2. Materials and methods
2.1. Bacterial isolates
Approval for the study was granted by the IRB committee of Jordan University of Science and Technology (Approval ID 26/144/2021). One hundred and eighty-three non-replicate K. pneumoniae isolates were collected form the microbiology laboratories of several hospitals from Northern Jordan over a seven-months period (July–October 2021 and January–April 2022). All clinical isolates were identified using the VITEK 2 System (bioMérieux Inc., USA) at the respective hospitals. Judgmental sampling was utilized during isolates’ collection. Any isolate identified as Klebsiella pneumoniae at the respective hospitals were included in the study regardless of clinical sample type, or patient gender or age. Isolates were obtained from primary cultures following identification. Information regarding the isolates was obtained from medical records. The isolates were cultured directly on Mueller-Hinton agar (MHA) and immediately transferred to the research laboratory for overnight incubation at 37 °C. Next, isolates were grown in LB broth overnight at 37 °C and stored at −80 °C with 17 % glycerol for later use. Confirmation of species identity was performed using PCR via detection of the K. pneumoniae specific phoE as described below.
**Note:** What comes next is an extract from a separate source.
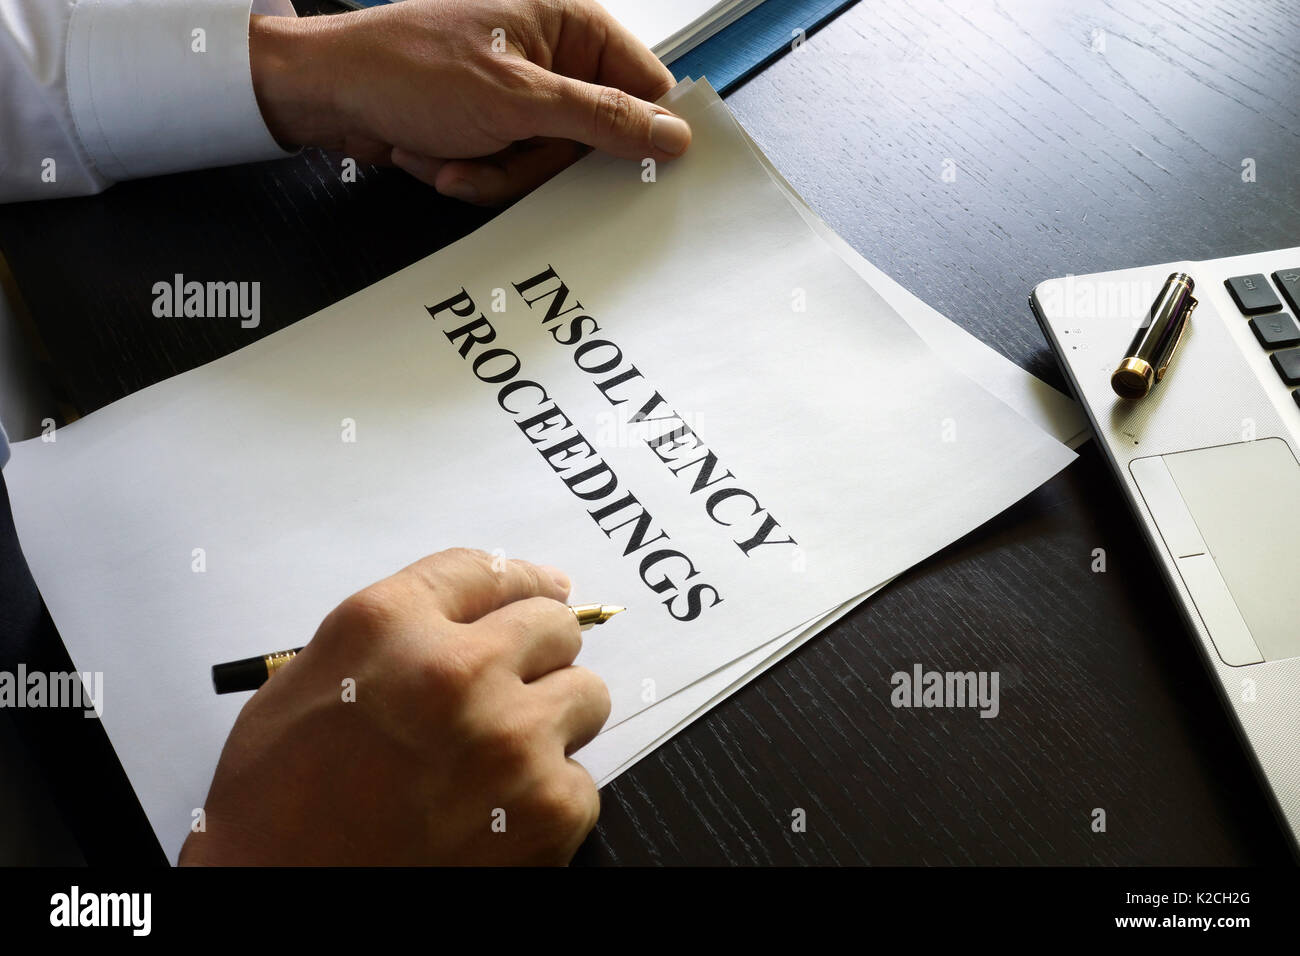 Document with title insolvency proceedings on a desk. Stock Photo

2.2. Antimicrobial susceptibility testing
Isolates from frozen cultures were used to inoculate LB broth tubes and the tubes were cultured overnight at 37 °C. The broth cultures were adjusted to a turbidity equivalent to 0.5 McFarland standard and were used to inoculate Mueller Hinton Agar plates (using cotton swabs) for antimicrobial susceptibility testing against several classes, including quinolones and aminoglycosides using the Kirby-Bauer disk diffusion method based on CLSI (M100, 2022) performance standards for antimicrobial susceptibility testing. The following antimicrobial disks were used: cefepime (30 μg), gentamicin (10 μg), tobramycin (10 μg), amikacin (30 μg), kanamycin (30 μg), netilmicin (30 μg), streptomycin (10 μg), ciprofloxacin (5 μg), levofloxacin (5 μg), lomefloxacin (10 μg), norfloxacin (10 μg), and ofloxacin (5 μg). The zone interpretation criteria were per the CLSI antimicrobial breakpoints (2022).
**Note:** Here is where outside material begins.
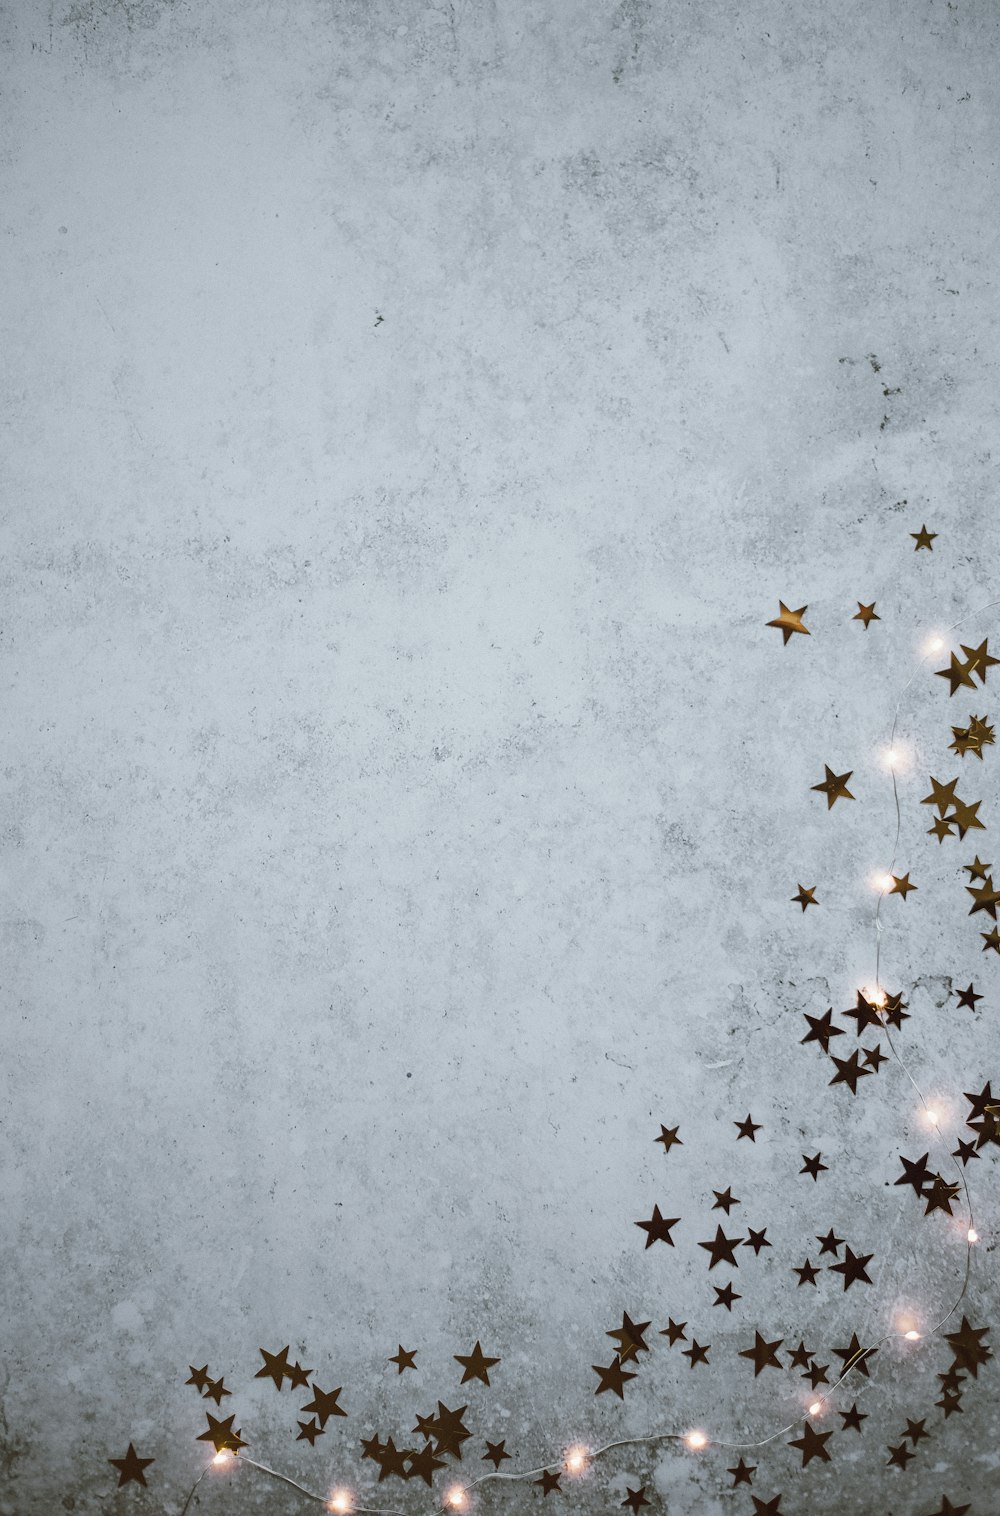 New Year Background Pictures | Download Free Images on Unsplash

The double disk synergy test was used to detect ESBL production according to CLSI guidelines (2022). A disk of amoxicillin-clavulanate (20/10 μg) along with aztreonam (30 μg), cefotaxime (30 μg), ceftazidime (30 μg), cefpodoxime (10 μg), and ceftriaxone (30 μg) disks, were used. An MHA plate was inoculated with each isolate as described above. Next, an amoxicillin-clavulanate disk was placed in the center of the plate, and aztreonam, cefotaxime, ceftazidime, cefpodoxime, ceftriaxone disks were placed 25 mm (center to center) from the amoxicillin-clavulanate disk. After overnight incubation at 37 °C, any distortion or increase in the zone of inhibition (i.e., augmentation of inhibition) toward the amoxicillin-clavulanate acid disk was considered a positive result for the ESBL production [24]. Isolates were determined to have the multidrug-resistant (MDR) phenotype upon demonstration of nonsusceptibility toward at least one agent among three or more antimicrobial classes. Isolates were determined to have the extensively drug-resistant (XDR) phenotype upon demonstration of nonsusceptibility toward at least one agent among all antimicrobial classes tested except two.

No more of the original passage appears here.